Christina Meinberg, CRB Associate Director, interviews Haas lecturer and Chief Investment Officer at Nelson Capital, Lloyd Kurtz, regarding his plans to teach a new MBA course this term, in governance (MBA 292T-1).
[CM] We are excited to have you present the expanded corporate governance course at Haas this spring. Tell us briefly, what will your course cover, and what will it NOT cover?
[LS] So much goes into corporate governance. We’ll spend a lot of time on case studies, and will look at examples of takeover battles, CEO pay negotiations, corporate fraud, regulatory capture, and crisis management. We’ll also discuss how to deal with shareholder activists, and have a speaker in to tell us how to be one. Along the way, we’ll also talk about what economic and financial theory have to say about corporate governance.
We will not cover laws or regulations in great detail, as there could be a whole course could be devoted Sarbanes-Oxley or Dodd-Frank alone. The focus instead will be on the principles of governance, management incentives, regulatory dynamics, and other forces shape this ongoing negotiation between shareholders, managers, and the boards that are supposed to be overseeing things.
[CM] You’ve said you’d like to see business schools put more emphasis on corporate governance. What’s the difference between this and business ethics?
[LS] There are many reasons to have a robust governance course. Let me offer just three:
- First, governance is fundamental – so many big questions are tied up with it. Why did we have a financial crisis? Why have we seen so many large-scale corporate frauds over the past 15 years? Are CEOs overpaid? To whom are corporations accountable? It seems like we are seeing problems with incentives and oversight everywhere we look. Large institutional investors are noticing this. They are becoming much more active in governance, through both shareholder engagement and investment in activist hedge funds. Several guest speakers will come to talk about these trends.
- Governance is an indicator of management quality. If management is not dealing fairly with shareholders, they are very likely to be mishandling other aspects of the business as well. The tough thing, of course, is deciding what is fair in a particular situation. That’s why we’re going to focus on a lot of real-life examples.
- Finally, and to your point on ethics, may people believe corporate governance is in need of repair, but there is hardly any consensus on how to repair it. I hope that the course will help students think clearly about their choices as they progress in their careers, and negotiate for fairer and better governance arrangements wherever they may go.
[CM] Institutional investors are using the term “ESG” for Environmental, Social, and Governance factors, which combines three areas together. What does governance have to do with sustainability and corporate social responsibility?
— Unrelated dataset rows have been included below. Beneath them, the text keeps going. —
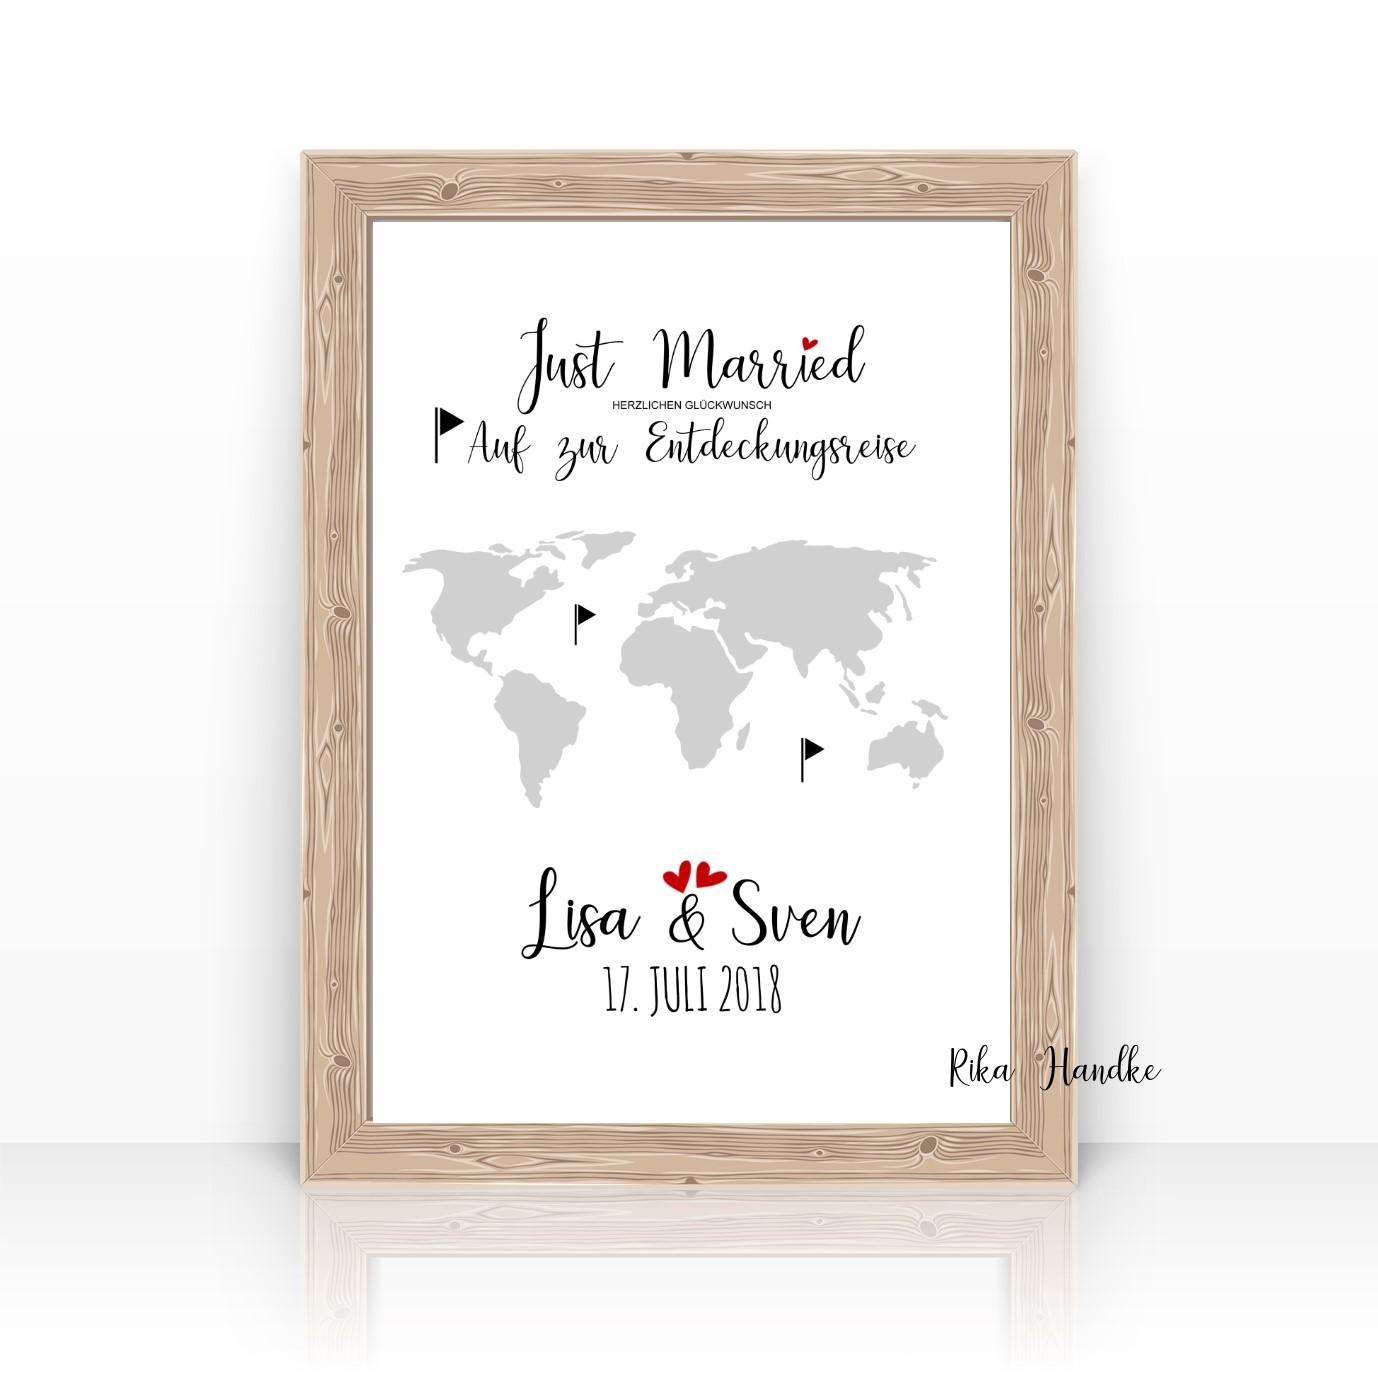 Geldgeschenk Geschenk Zur Hochzeit Weltkarte Personalisiert A4 Personalisierte Geschenke Zur Hochzeit Zur Geburt Zur Taufe Hochzeitsgeschenke Geburtsgeschenke Taufgeschenke Geldgeschenke
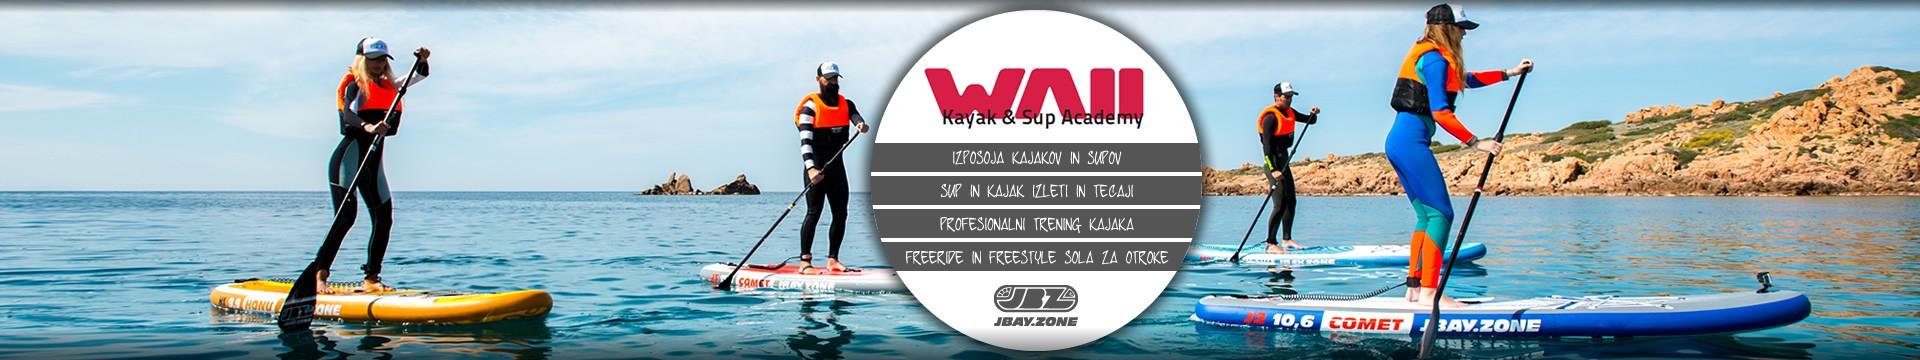 WAII SUP and Kayak
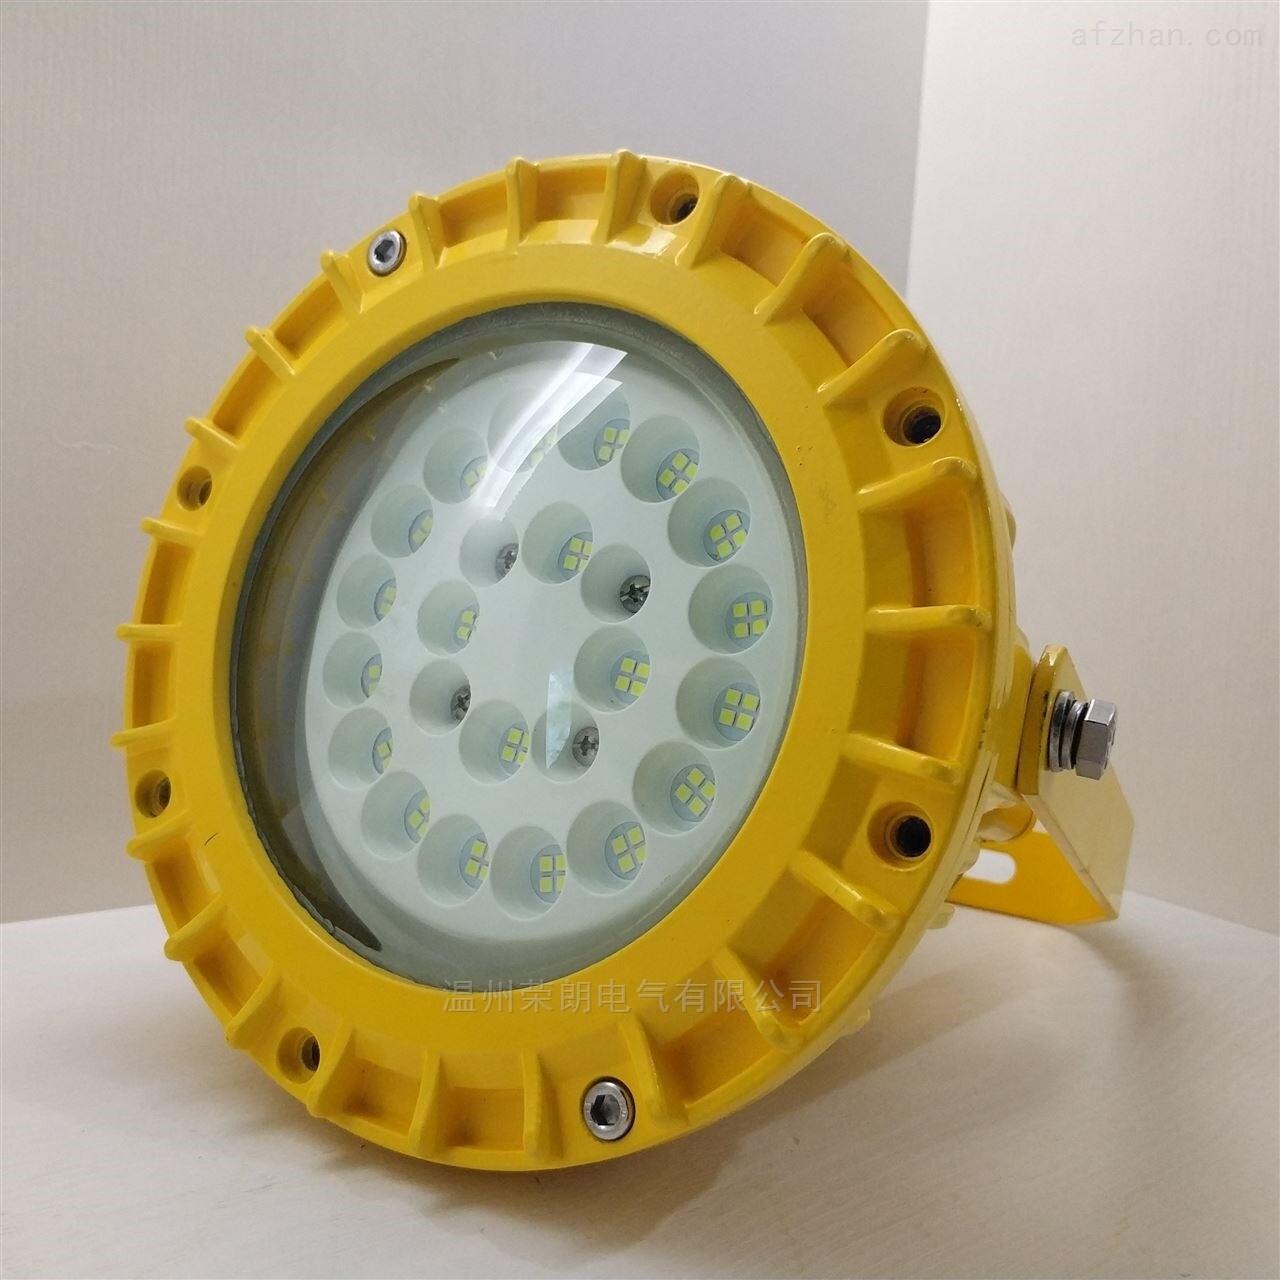 圆形LED防爆泛光灯/工厂防爆灯功率100W报价
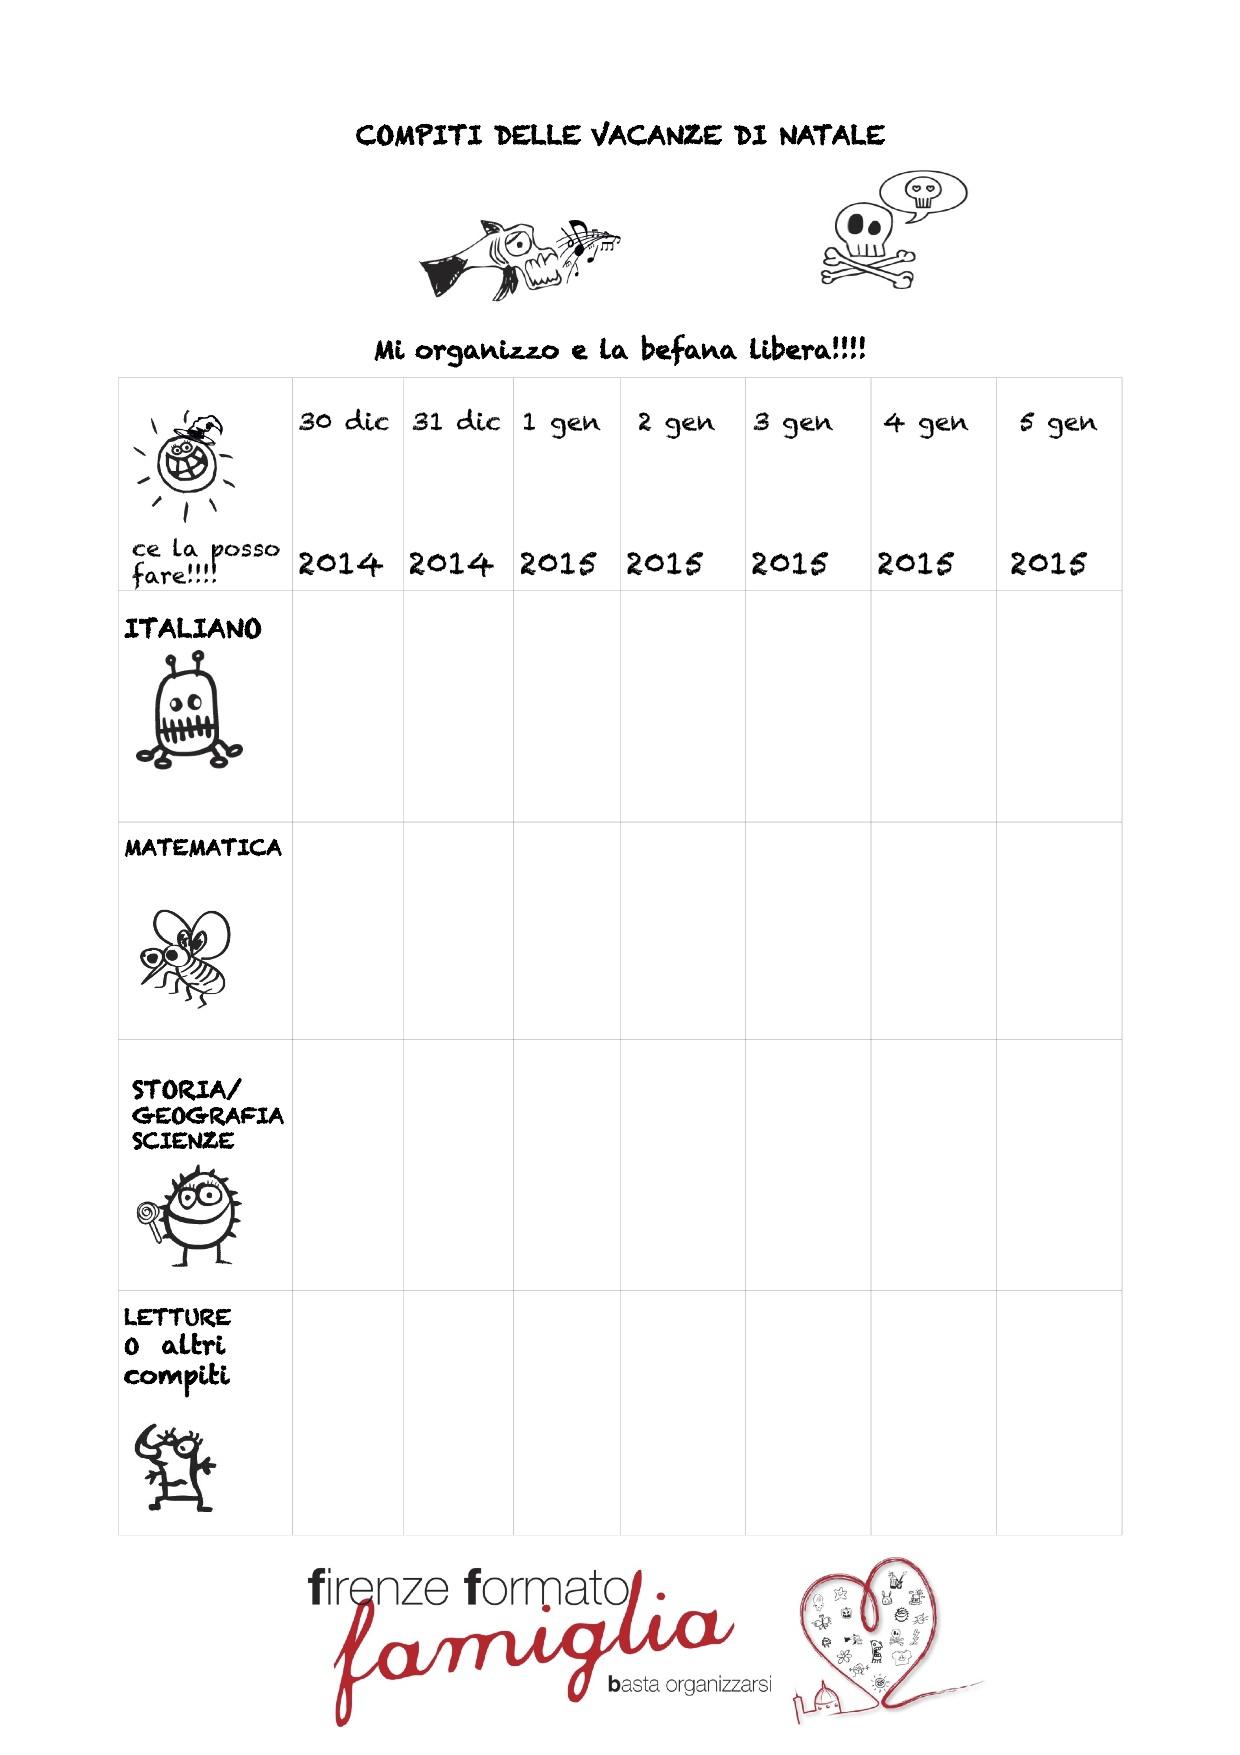 Top Compiti delle vacanze di Natale organizzarsi bene HM02

[LS] You’re right, for many years these were treated separately. But I think investors have noticed that bad governance tends to have a corrosive effect on the firm’s other activities. An expropriative or myopic management team is usually bad for the business, and bad for the communities it operates in.
These types of managers can often do great harm in the name of corporate social responsibility, opting for greenwashing instead of substantive programs, or using the firm’s charitable donations to promote their own reputations.
From a sustainability perspective, we want to know if a company is doing the right things – but we depend heavily on their own disclosures to make those judgments. This is especially true in emerging markets, where regulation is less-developed.
The problems are very widespread – In any case, if we can’t trust the financial statements, how can we trust the CSR report?
[CM] I understand you will discuss the book “Barbarians at the Gate,” in your course. Why have you selected this for your students?
[LS] Barbarians at the Gate describes private equity firm KKR’s takeover of RJR/Nabisco in the late 80s, and it’s a great example of market forces coming into play because of a governance problem. Prior to the deal, mismanagement and self-dealing by CEO Ross Johnson was costing shareholders billions in shareholder value. He tried to buy the company for himself, leading to a bidding contest that culminated in the largest leveraged buyout in history up to that time. The authors did extensive interviews with all the key players, so it’s all well documented.
Over the years the book has been used to teach everything from negotiation to investment banking, but from a corporate governance perspective it’s practically Shakespeare.
[CM] Lastly, tell us one thing that may surprise students, to know about your course!
[LS] As I prepared for the course I was surprised at how many situations that appeared nonsensical from a high-level perspective, yet made much more sense once I understood the context in which the decisions were made. This is particularly true in Silicon Valley, where governance decisions can have huge implications for firm value, and boards have to work very hard (and sometimes fail) to strike the right balance between management control and shareholder interest.